Я продолжал жить автоматически: утром уезжал в город, в институт, потом возвращался, наскоро готовил обед, обедал. Но если в прежних моих одиночествах готовка обеда и сам обед были временем интенсивной работы мысли, — то теперь ничего не хотелось: ни думать, ни есть… Я заставлял себя хотя бы есть, чтоб не растерять остатки сил и не выбиться из жизненного ритма… Потом садился готовиться к завтрашним занятиям и работал до ночи — причем все это — на автопилоте. А когда, ложась спать, брал в постель книгу или журнал — то не мог прочесть и страницы: с любой строчки меня тотчас уносило к Тебе, и я уже не мог от Тебя отделаться: разговаривал с Тобой мысленно, спорил, раздражался от невозможности прогнать Тебя из своих фантазий… А, заснув, подскакивал среди ночи от Твоего явственного голоса в тишине, зовущего меня: "Во-ва!"

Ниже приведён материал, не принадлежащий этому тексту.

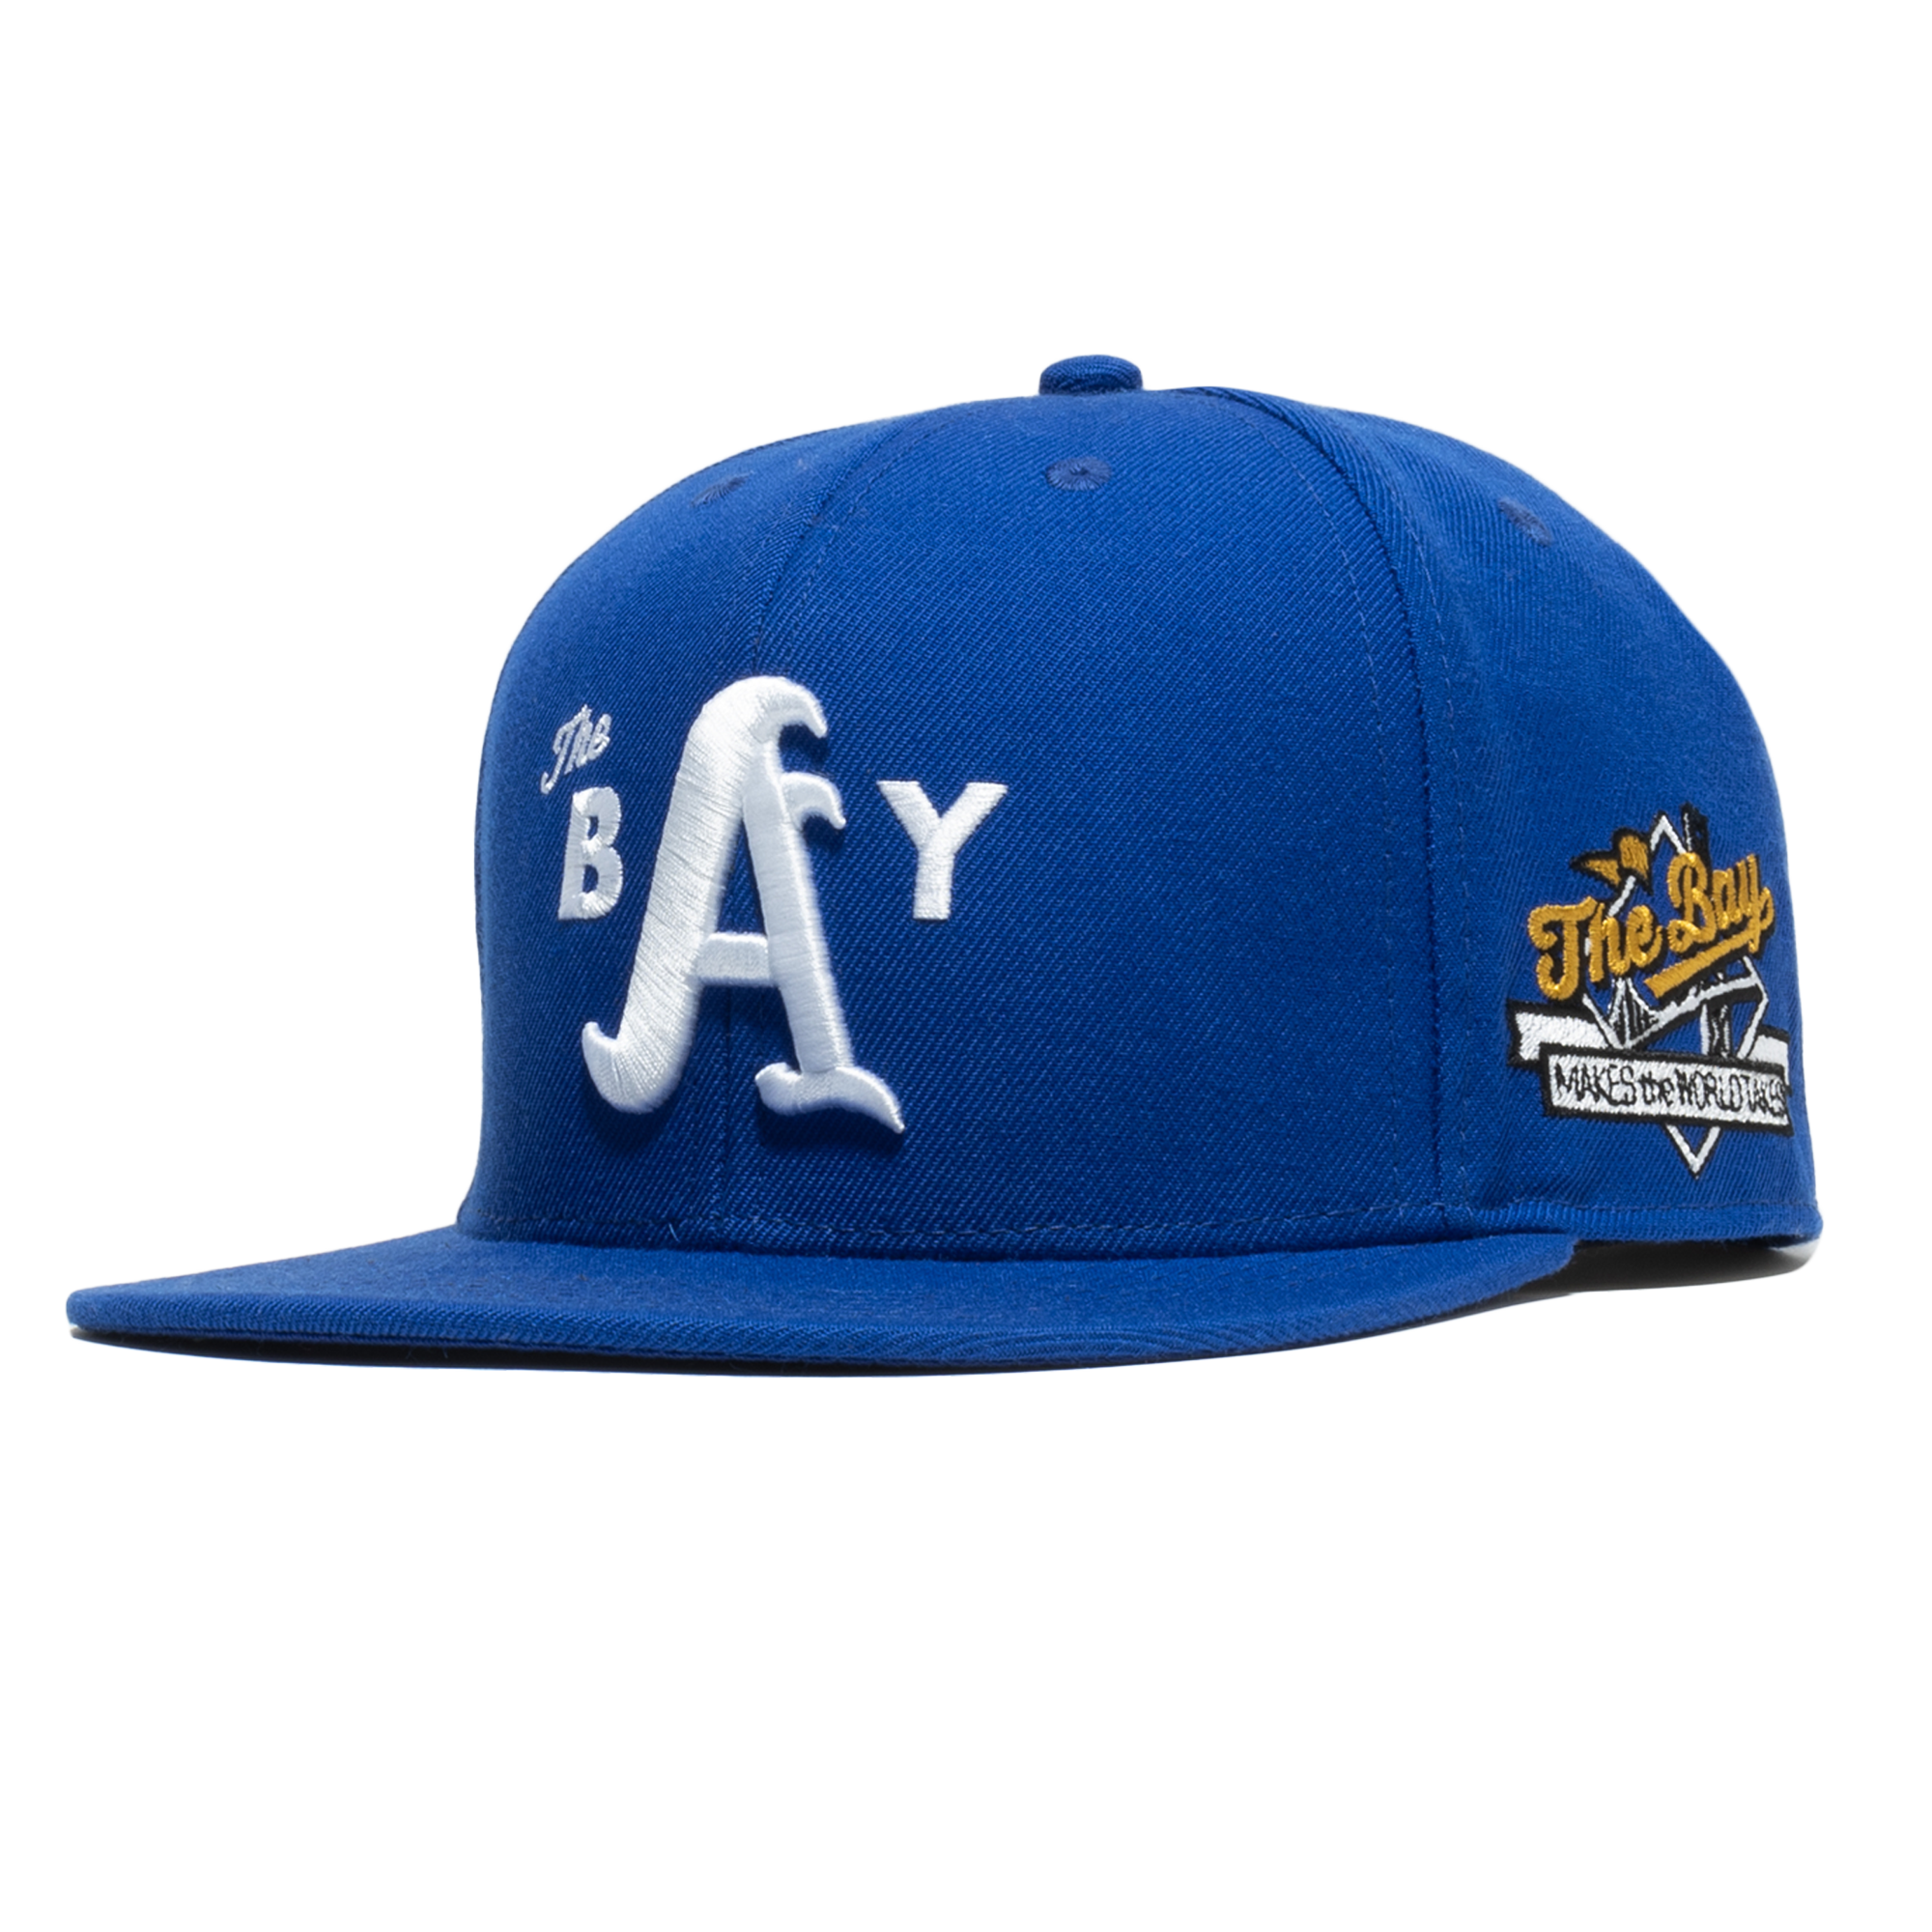 Side-angled front view of a Royal blue hat with 3D white embroidered The Bay logo on the crown & full-colored The Bay Makes, The World Takes detail on the wearer’s left side.

Чтобы вытеснить мысли о Тебе, я начинал решать теоретические задачки: может ли, например, так совпасть, чтоб мужчина и женщина одновременно и с одинаковой силой любили друг друга? — и, подумав, отвечал себе: может, — но, по теории вероятности, явление это должно быть событием исключительно редким. Стало быть, мы с Тобой — счастливчики?.. А может ли любовь быть вечной? — продолжал я развивать задачку дальше, и отвечал себе: по мнению авторитетных источников — редко, но тоже бывает… Но уж никак она, эта любовь, не может закончиться для обоих одновременно! — продолжал я мысль дальше. — Разве может быть столько совпадений сразу, хотя бы по теории вероятности? Где-то эти совпадения должны кончиться, и, стало быть, кому-то из двоих неизбежно приходится страдать… Но не благо ли это страдание, если только оно — не страдание уязвленной гордыни или потерянного покоя?.. Так что, — говорил я, обращаясь сам к себе, — если только ты ее в самом деле любишь — благодари судьбу, что не ты, а она вышла из игры первой, и все терзания достались тебе!..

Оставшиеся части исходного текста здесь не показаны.